Input scanning can block a tool call because the data has not left your process yet. Output scanning can only warn because blocking would discard a result that was already computed. This asymmetry is intentional -- it gives you defense-in-depth without throwing away valid results.

Both scans truncate text to 4KB before pattern matching for performance.
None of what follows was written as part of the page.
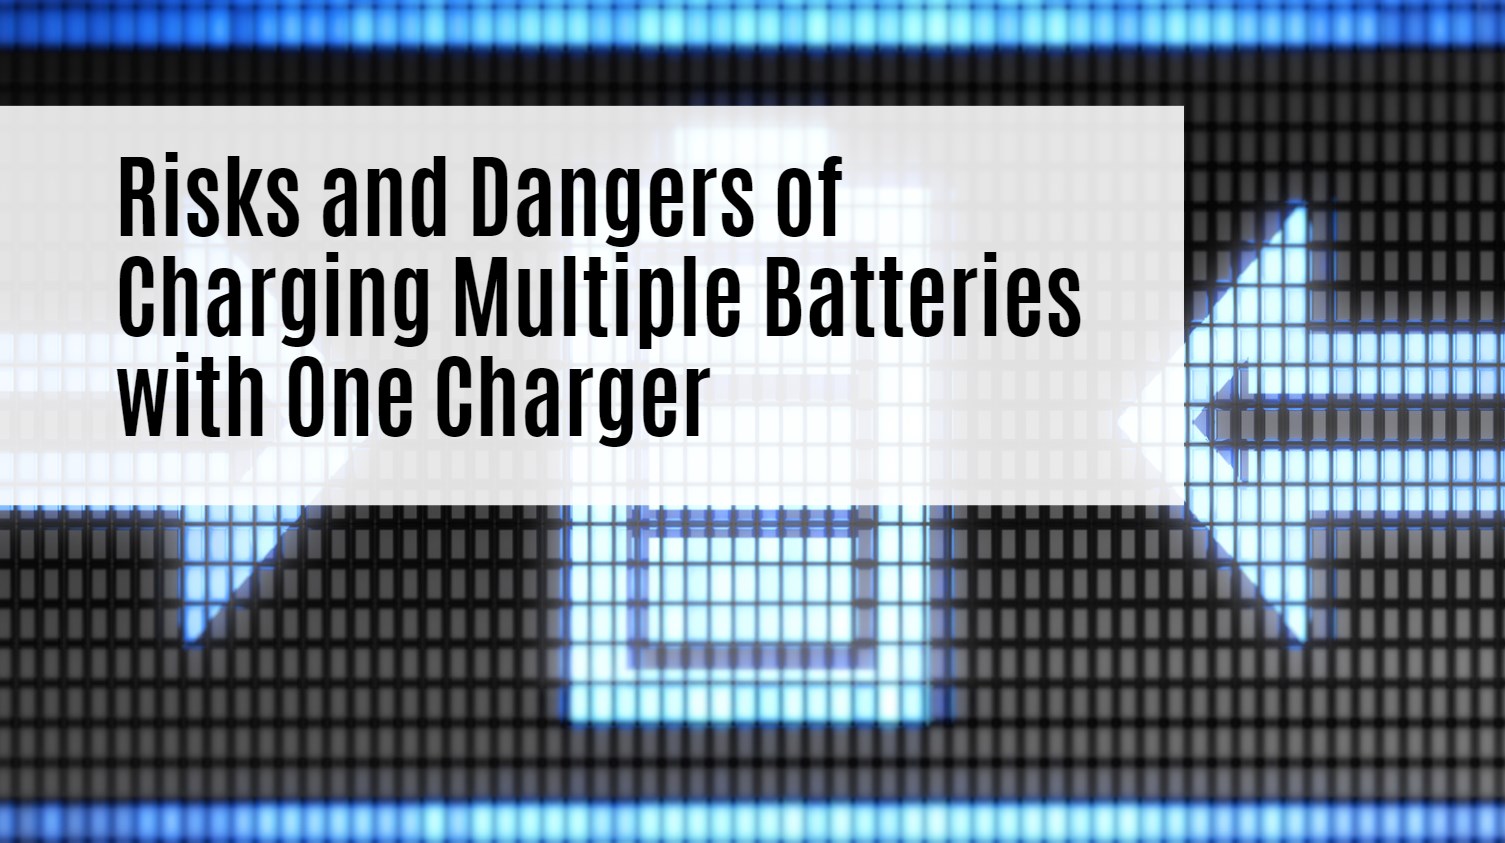 Risks and Dangers of Charging Multiple Batteries with One Charger

The scan results are recorded on the span as attributes so you can query for PII events across all your traces.

Detectable PII Types

The built-in RegexPIIScanner detects 11 types of sensitive data across two categories:

Personal Information (PII)

Type	Pattern	Example Match
`ssn`	`\d{3}-\d{2}-\d{4}`	`123-45-6789`
`email`	Standard email format	`user@example.com`
`phone`	US phone numbers with optional +1	`(555) 123-4567`
`credit_card`	16-digit card numbers with optional separators	`4111-1111-1111-1111`

Credentials and Secrets

Type	Pattern	Example Match
`password`	`password=`, `pwd:`, `passwd=` followed by value	`password=s3cret`
`api_key`	`api_key=`, `api-secret:` followed by value	`api_key=abc123xyz`
`secret`	`secret_key=`, `access_key=`, `client_secret=`	`client_secret=xyz789`
`aws_key`	AWS access key IDs (`AKIA` prefix + 16 chars)	`AKIAIOSFODNN7EXAMPLE`
`generic_token`	Tokens with known prefixes (`sk-`, `pk_live_`, etc.)	`sk-abc123def456ghi789jkl`
`github_pat`	GitHub personal access tokens (`ghp_` prefix)	`ghp_xxxxxxxxxxxxxxxxxxxxxxxxxxxxxxxxxxxx`
`waxell_key`	Waxell API keys (`wax_sk_` prefix)	`wax_sk_abc123`

PII Actions

Each PII type can be assigned one of three actions. When multiple types are detected, the highest severity action is recorded on the span:

Action	Severity	Behavior
`warn`	0 (lowest)	Log a warning, record finding on span, continue with tool call
`redact`	1	Replace detected pattern with `##TYPE##` placeholder (e.g., `##SSN##`)
`block`	2 (highest)	Stop the tool call entirely, raise `PolicyViolationError`

The default action for all types is warn. You override actions per type using the pii_actions dictionary.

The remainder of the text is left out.